## HOW TO COMPLETE THIS TASK:
Copy out the listing that follows, exact in every word, and skip the images.

## DATA EXCERPT:
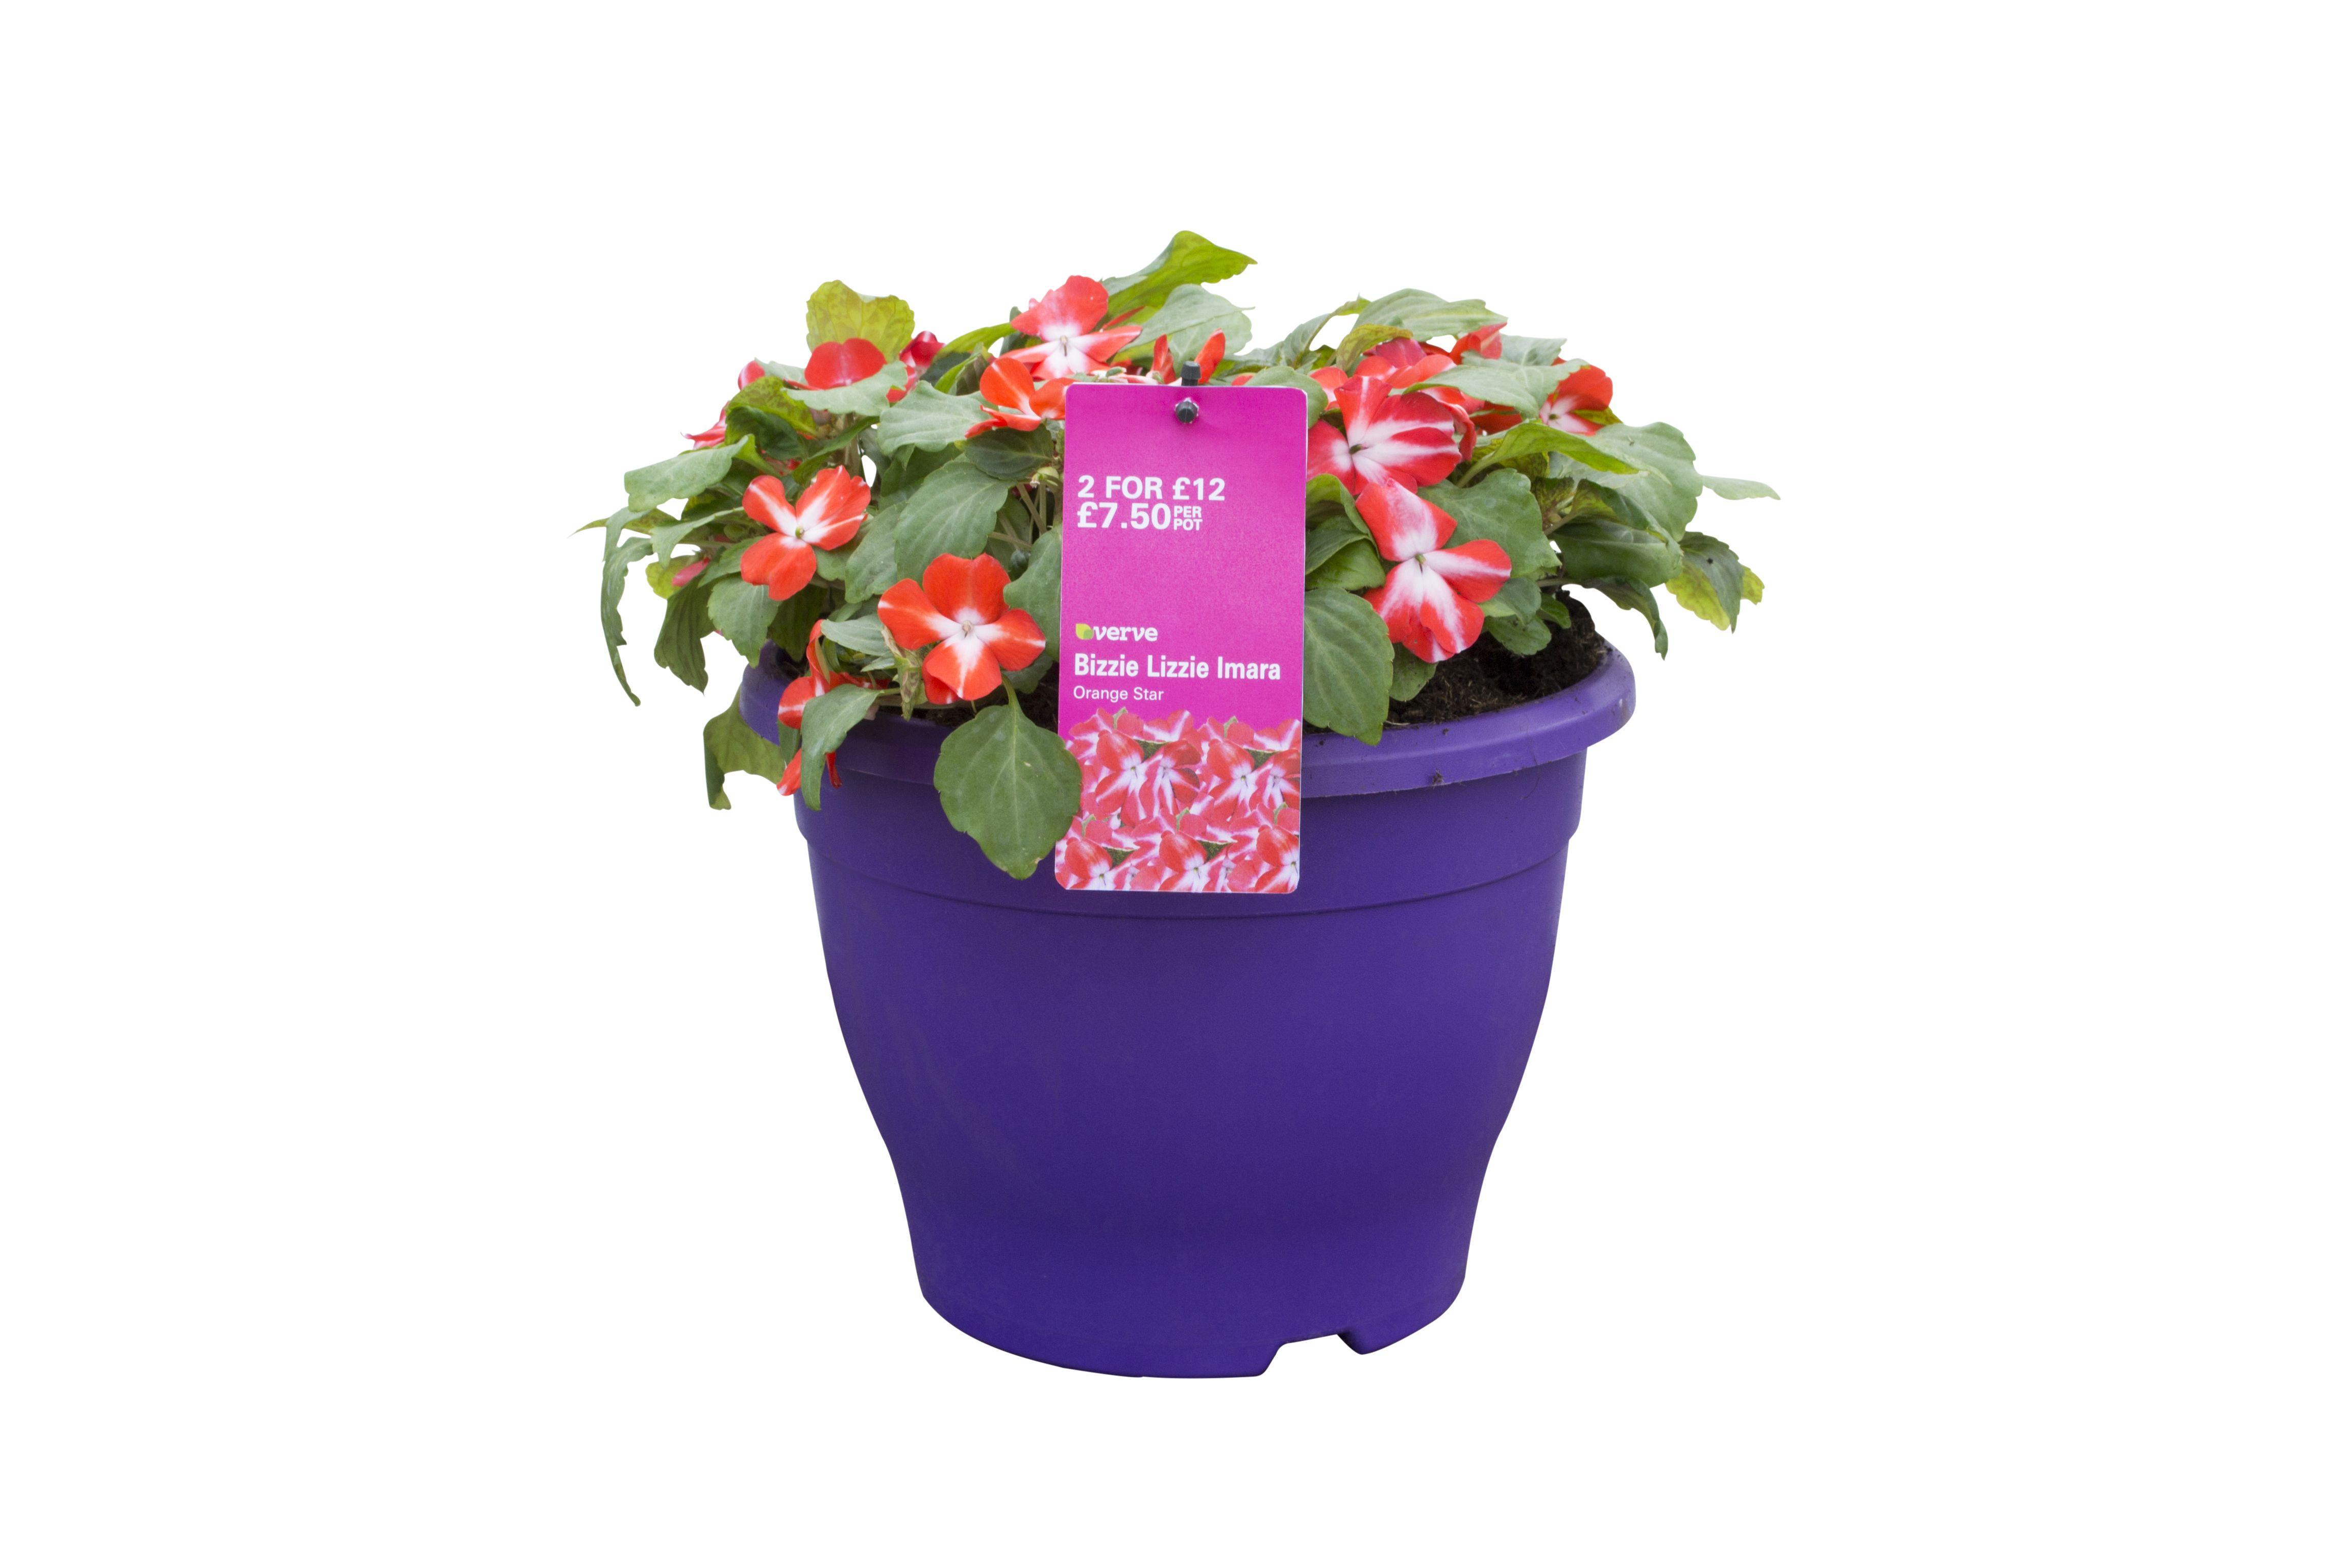 Verve Assorted Imara bizzie lizzie planted container in
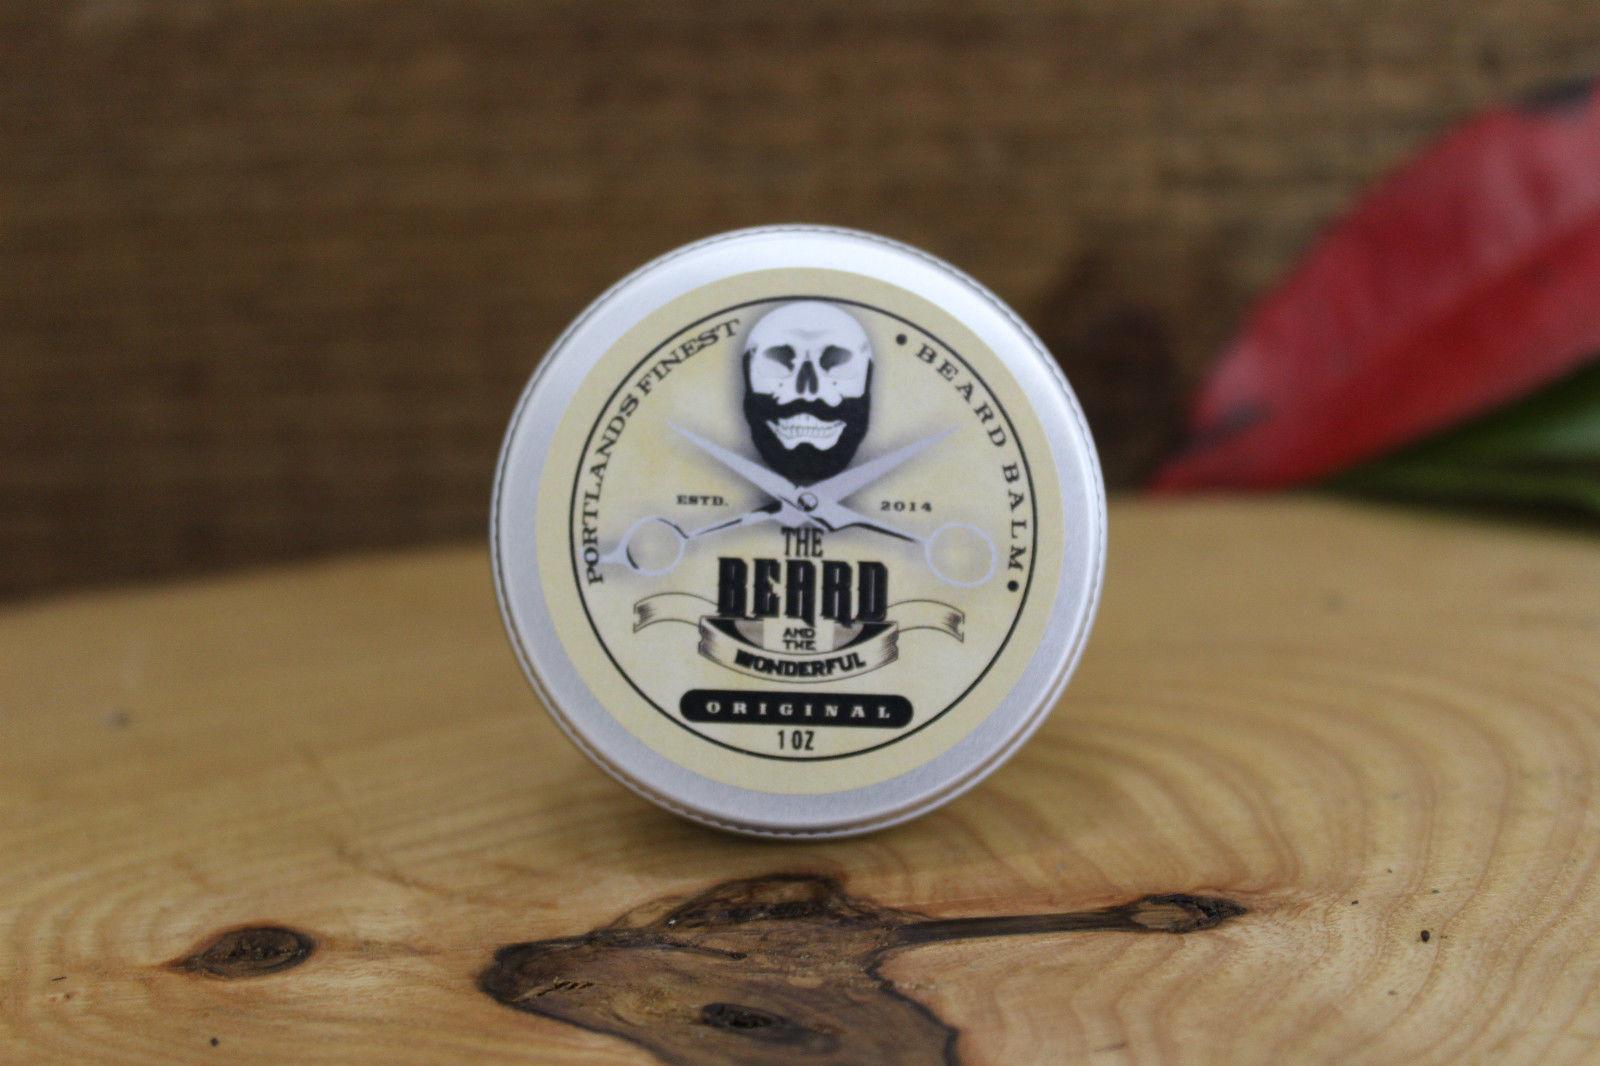 The Beard and The Wonderful, BIG Beard Taming Balm. 30ml (1oz) Tin Unscented
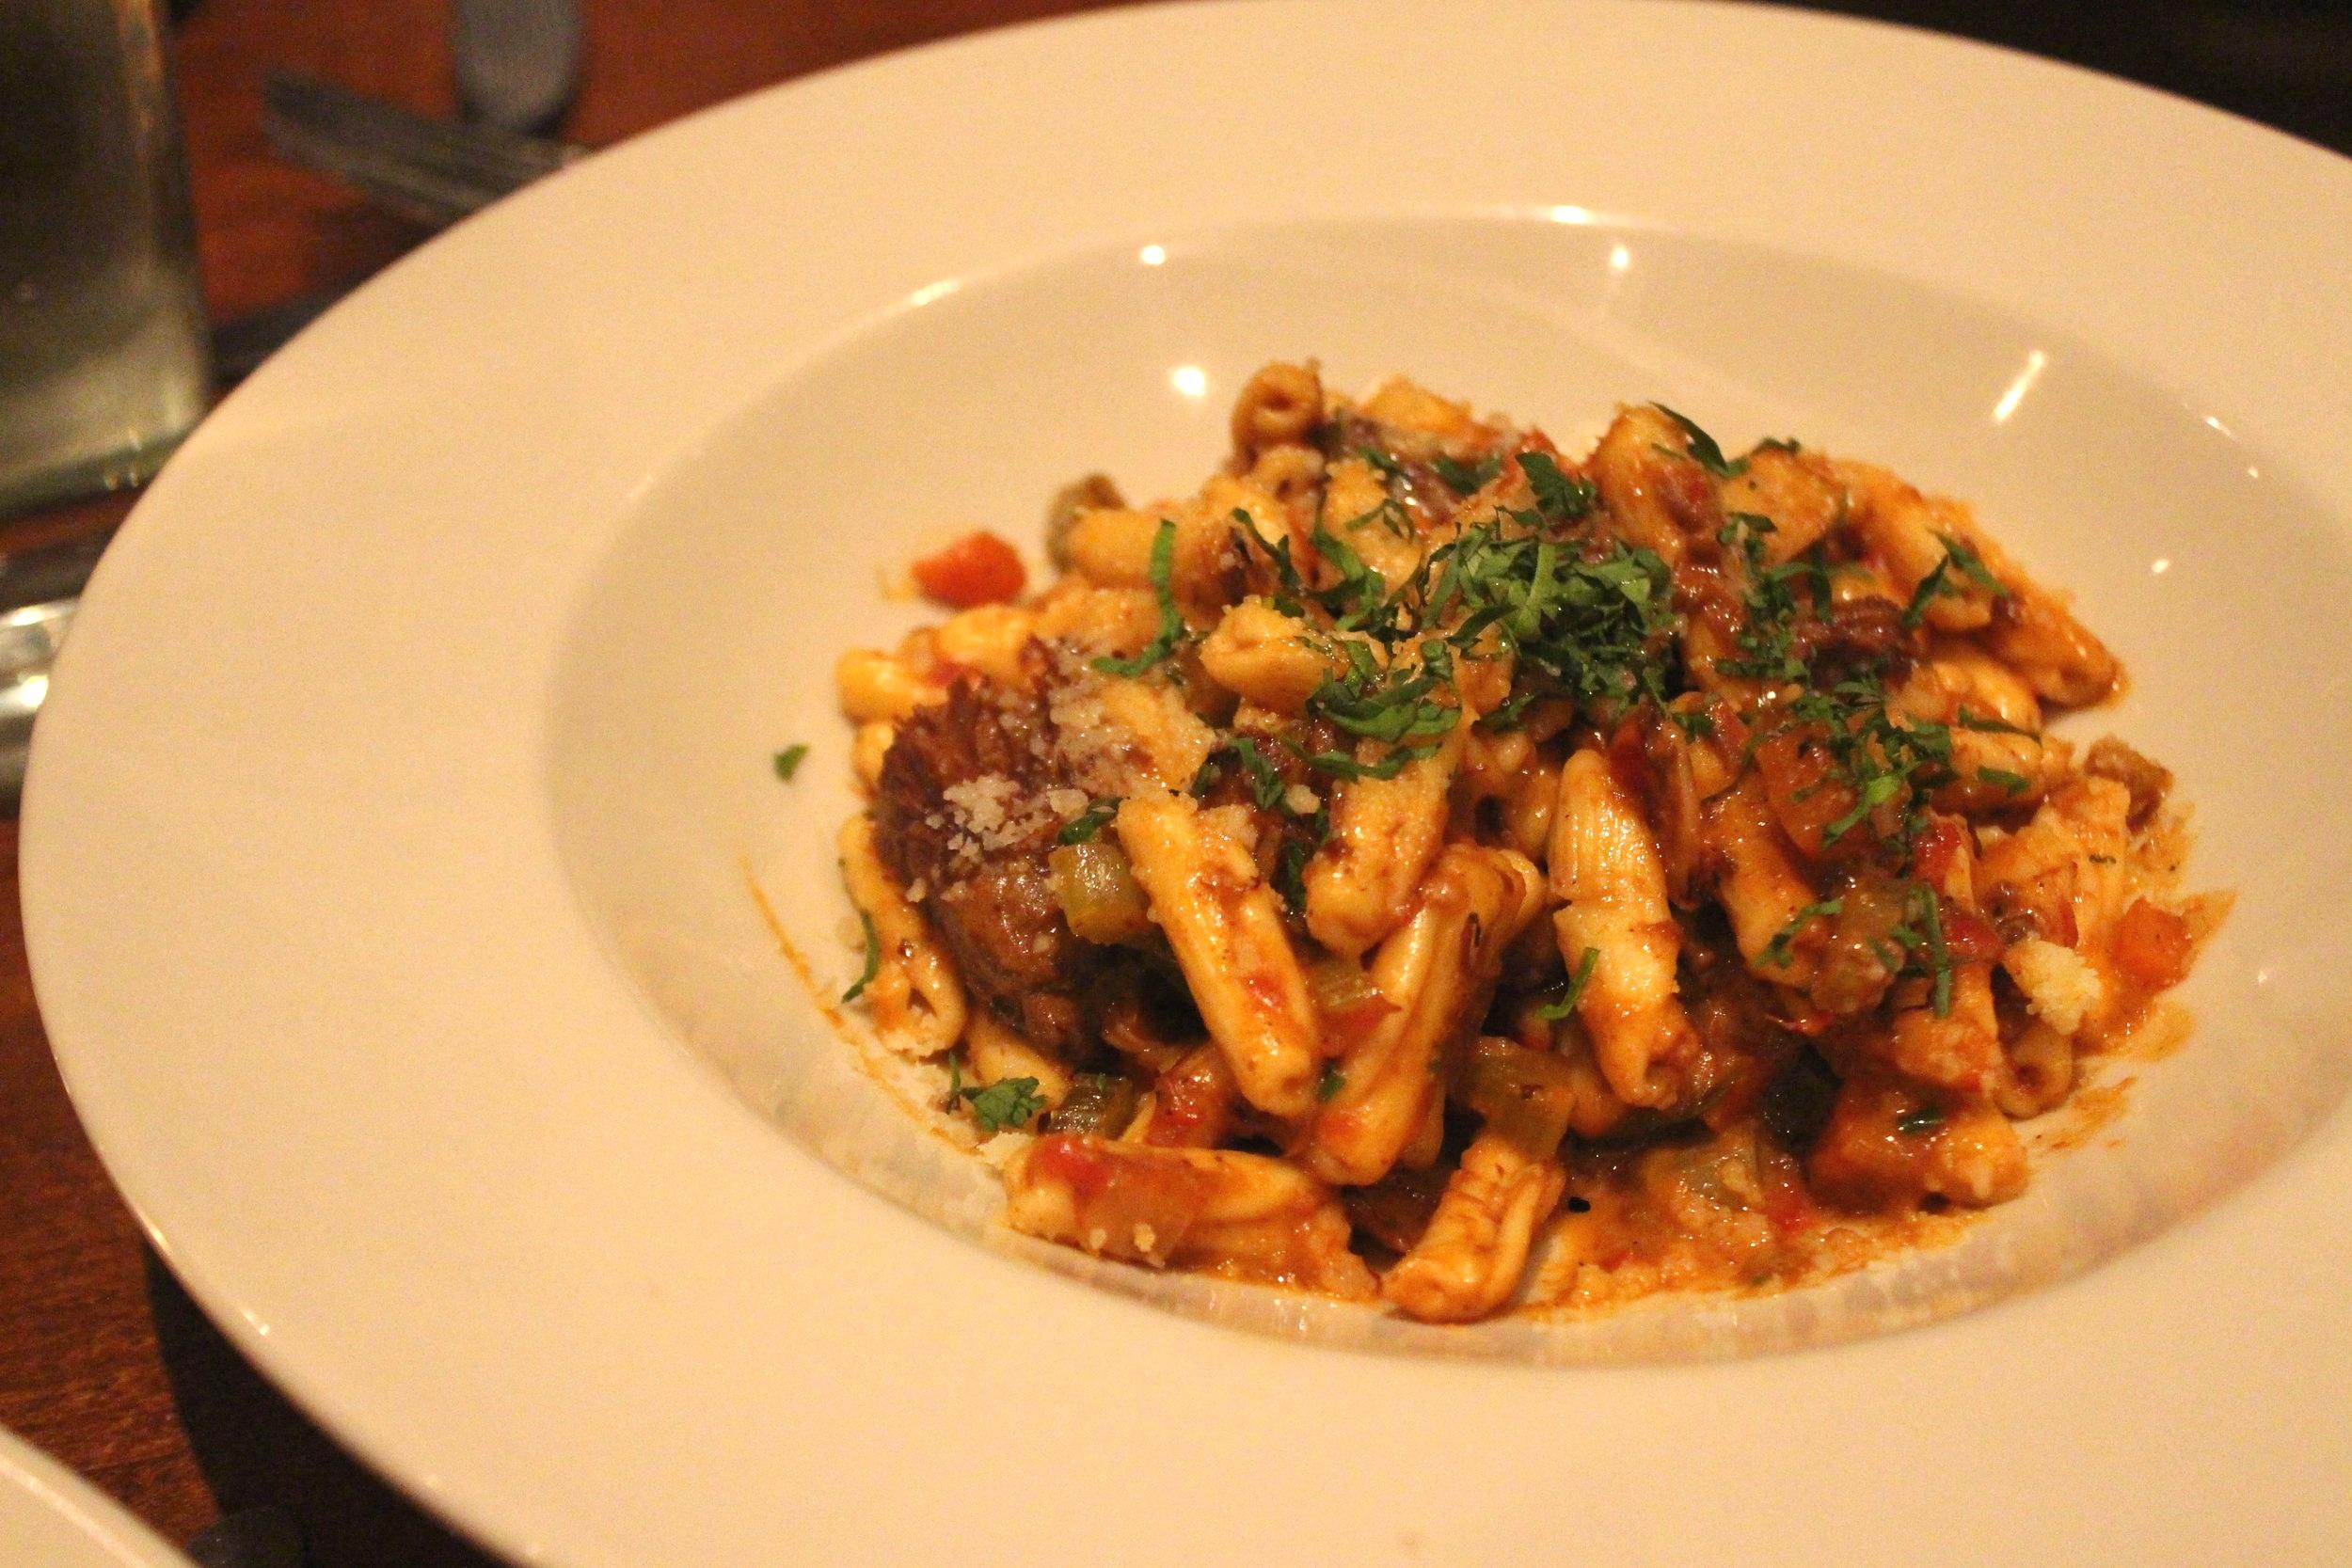 Cavatelli with a ten-hour short rib ragu and mascarpone

## WORKED SOLUTION:
 Verve Assorted Imara bizzie lizzie planted container in
 The Beard and The Wonderful, BIG Beard Taming Balm. 30ml (1oz) Tin Unscented
 Cavatelli with a ten-hour short rib ragu and mascarpone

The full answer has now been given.